Soon it will be the holidays again. According to Webster, a “holiday” is a holy day. Christmas is certainly a holiday, but is it really a “holy day” for each of us? Perhaps the degree to which we are looking forward to, or dreading, the holidays has a specific connection to how much we are hallowing, or making holy, those days and the relationships that are a part of them.
Aside from the trappings and trimmings, our experience at Christmastime often comes down to our relationships. It helps to base our relationships – and therefore family events – on a more spiritual, or holier, foundation, which promotes harmony. One dictionary states that the word “holy” means, in part, divine. So to cherish holiness means to devote our thought to the Divine, or God.
A sense of holiness can be nurtured and developed in one’s own consciousness through the spiritual understanding of God as Love, and in our demonstration of a higher, more unselfish, even spiritual sense of love in our daily activities. Of course, Christmas exists to honor the birth of Christ Jesus, the appearing of the Christ, Truth, in human experience. Two of the precepts of Christ Jesus’ teaching are to love God “with all thy heart, and with all thy soul, and with all thy mind” and the related, consequent commandment to “love thy neighbour as thyself” (see Matthew 22:36-39).

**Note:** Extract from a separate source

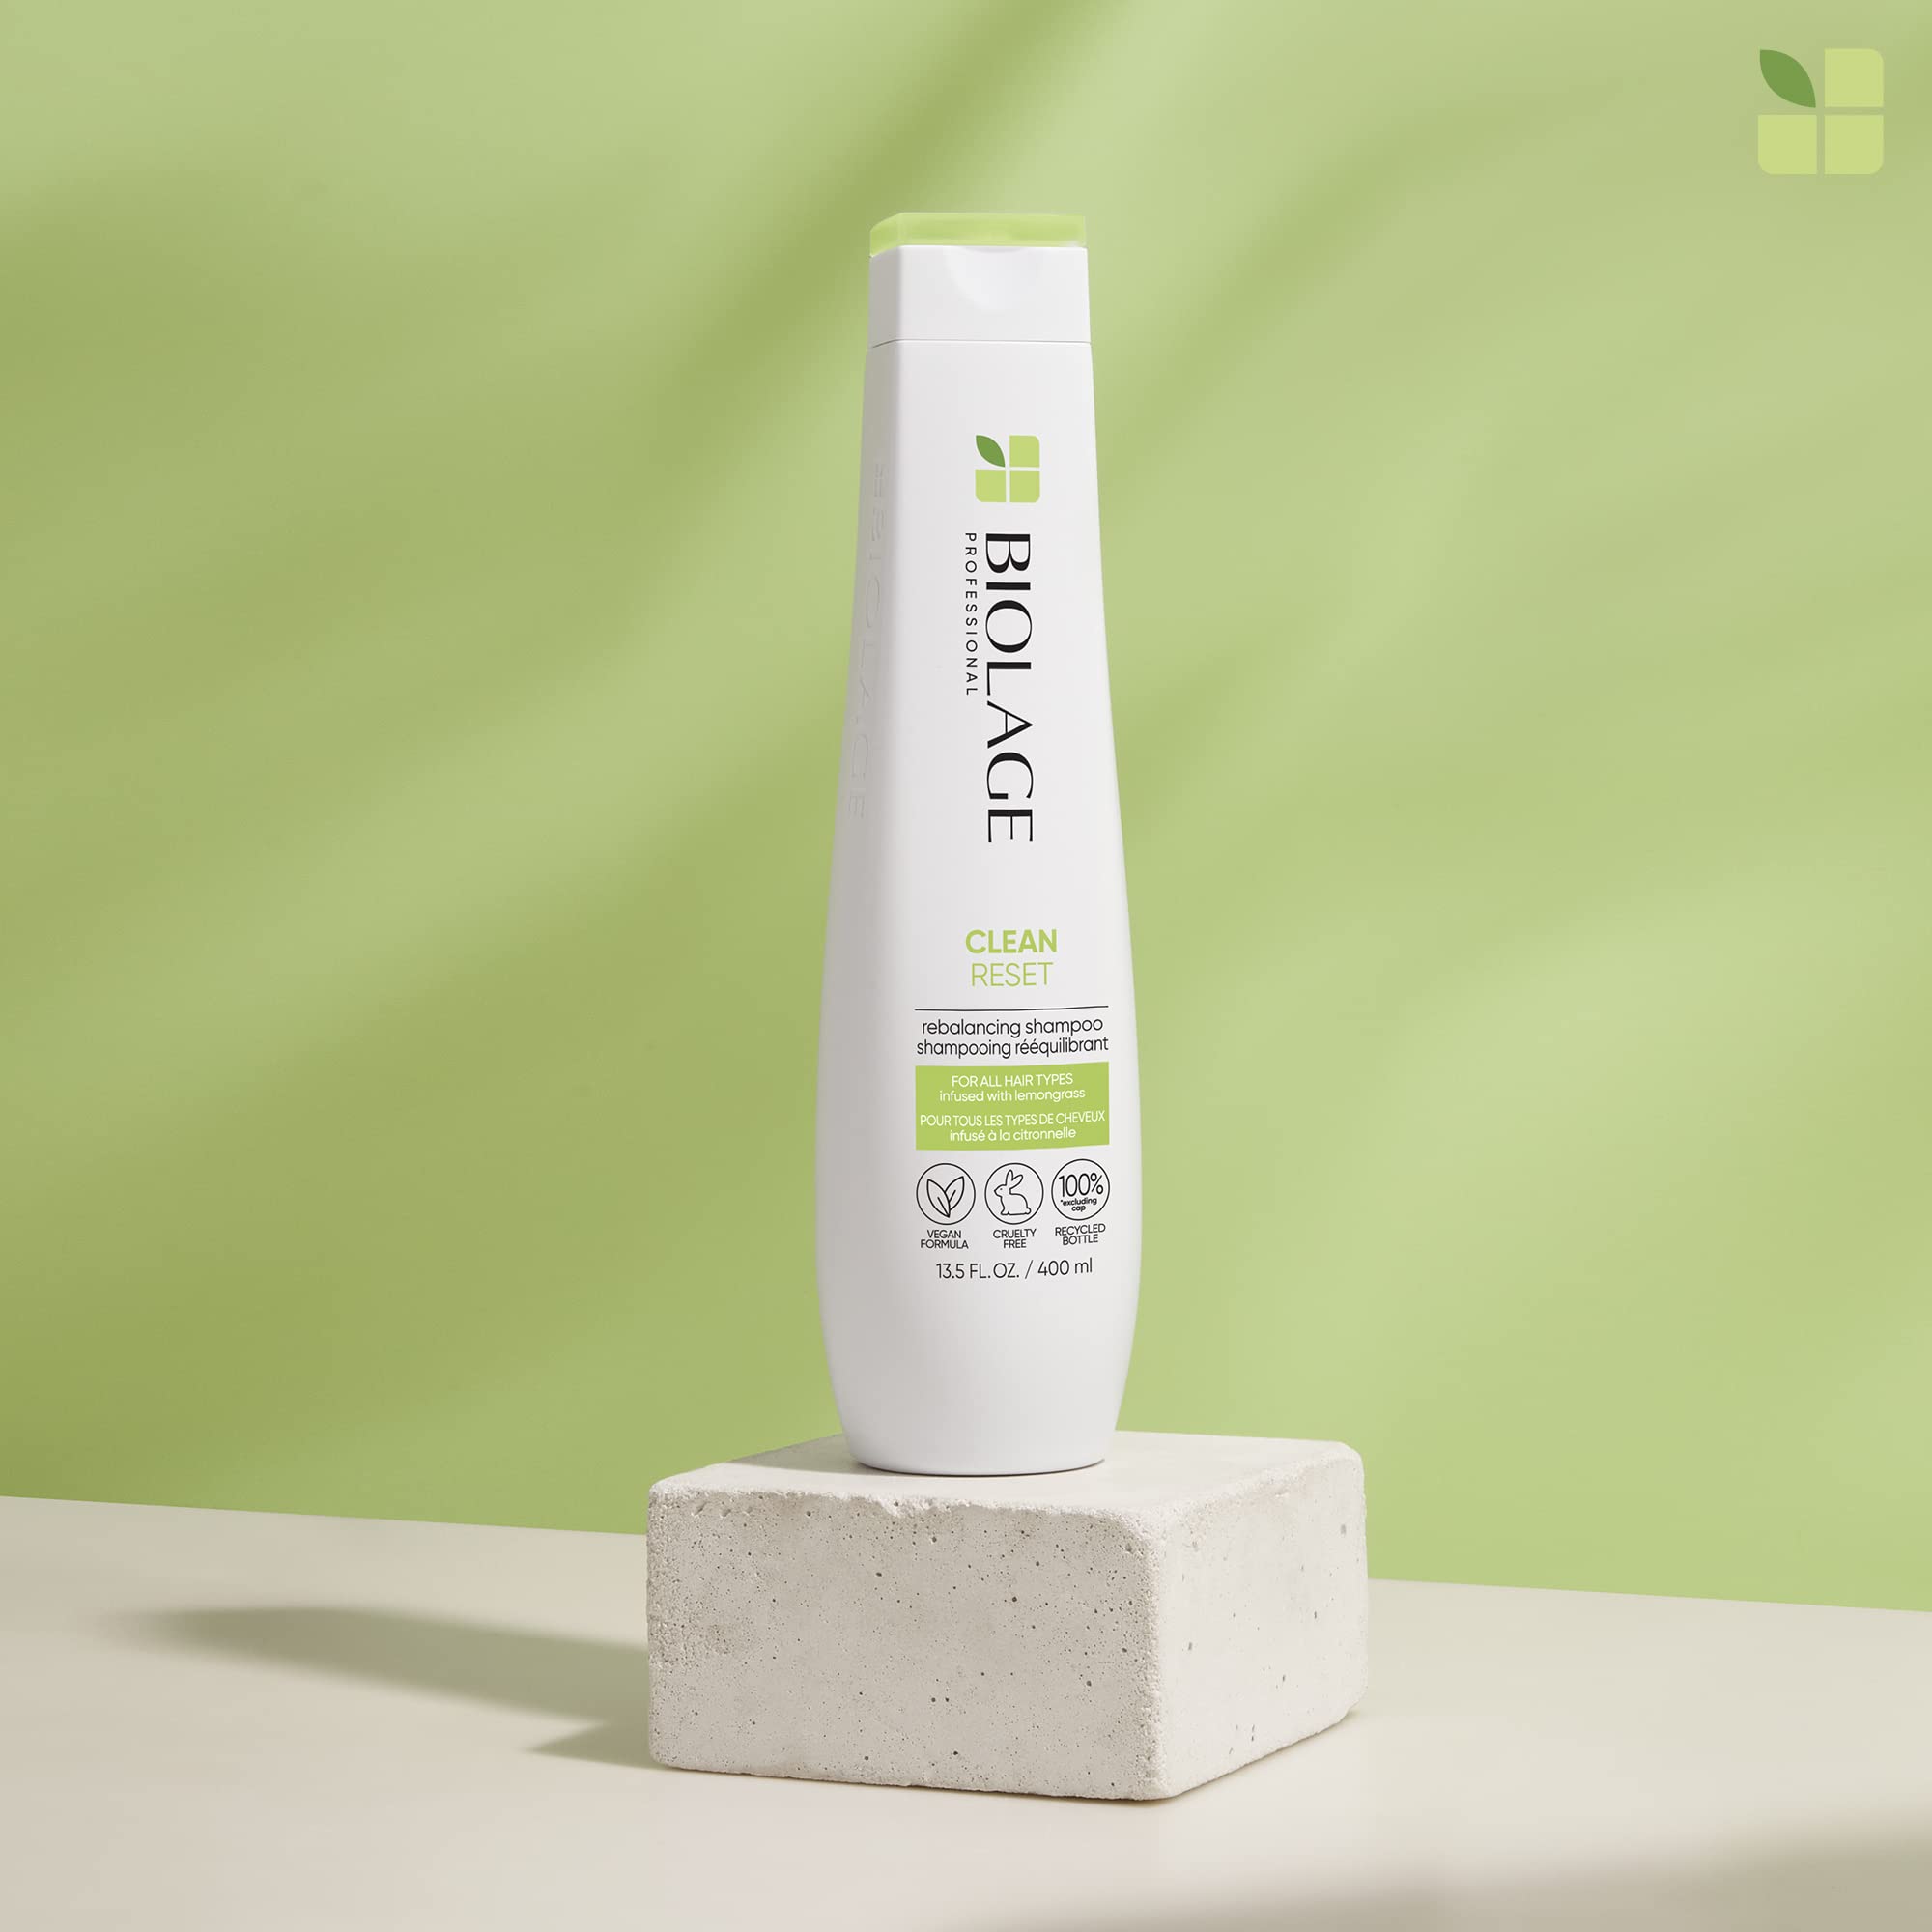 Biolage Normalizing Clean Reset Shampoo | Intense Cleansing Treatment To Remove Buildup | For All Hair Types | Paraben-Free | Vegan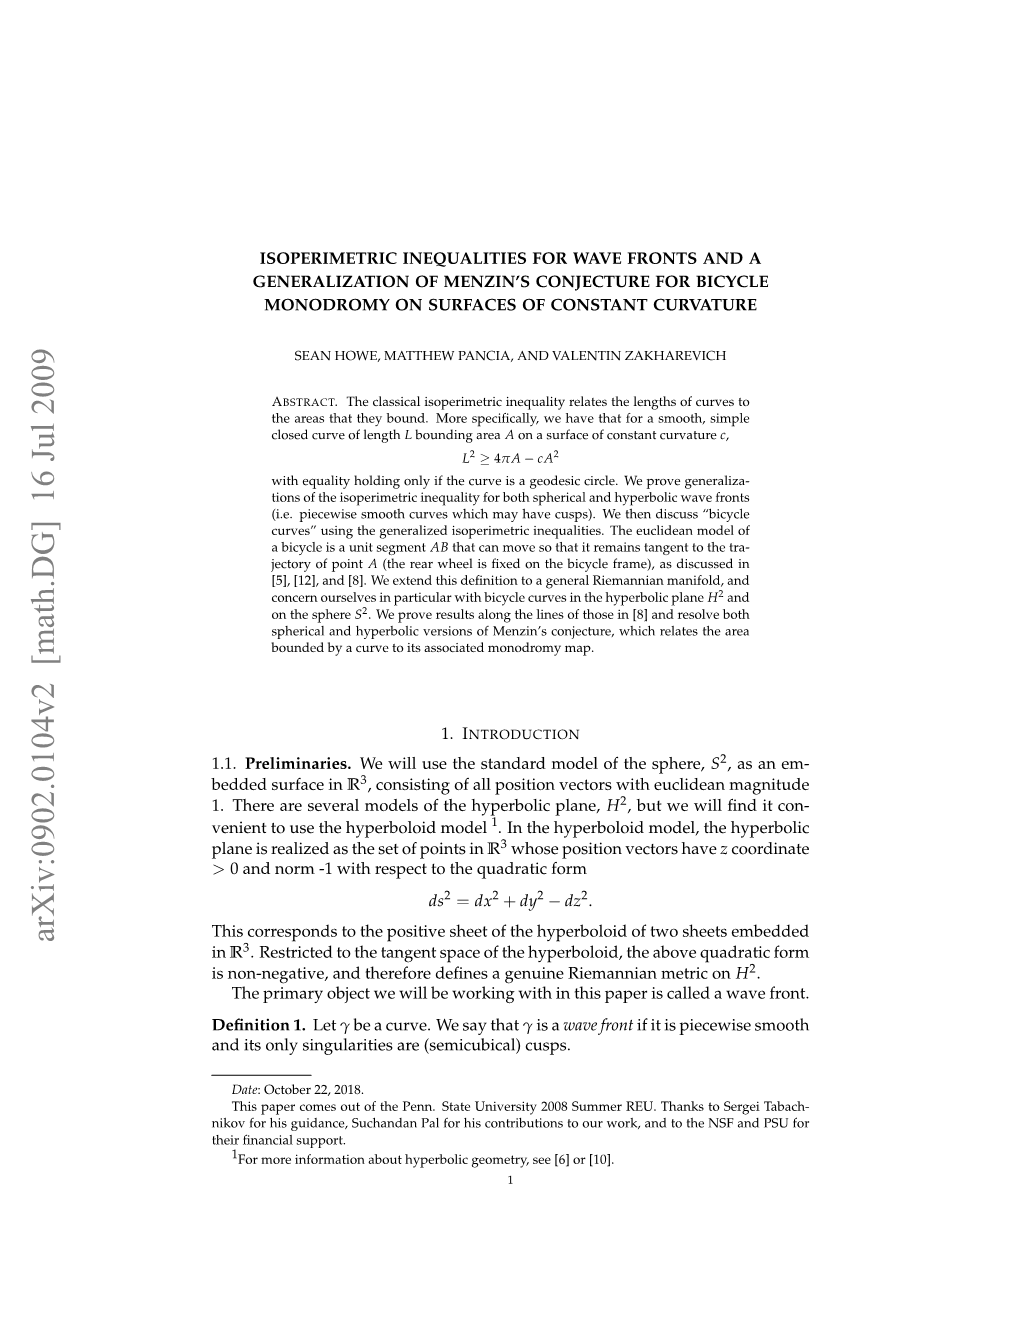 Isoperimetric Inequalities for Wave Fronts and a Generalization of Menzin’S Conjecture for Bicycle Monodromy on Surfaces of Constant Curvature

Endeavoring to obey these two commandments helps us see that as God’s spiritual, perfect reflection (see Genesis 1:26, 27), we are anchored in God, divine Love. As we strive to express a more divinely derived love toward others, we nurture a sense of holiness that transforms our thought and helps hallow, or make holy, our experience. We can cherish family members, both those who are with us at Christmas and those who may be absent, by seeing the spiritual perfection of each one as the perfect image of God, created by God. This supports family harmony all year round.
Affirming our oneness with God by learning to love Him and express His love for all, we bring the powerful influence of divine Love into our relationships. As the Bible says, “He that dwelleth in love dwelleth in God, and God in him” (I John 4:16). Expressing God’s love to others, we are armored against the slights, criticism, cynicism, or any other small or large inharmonies that would intrude on family gatherings during the holidays. In “Science and Health with Key to the Scriptures,” Mary Baker Eddy, the Discoverer and Founder of Christian Science, says, “Clad in the panoply of Love, human hatred cannot reach you” (p. 571).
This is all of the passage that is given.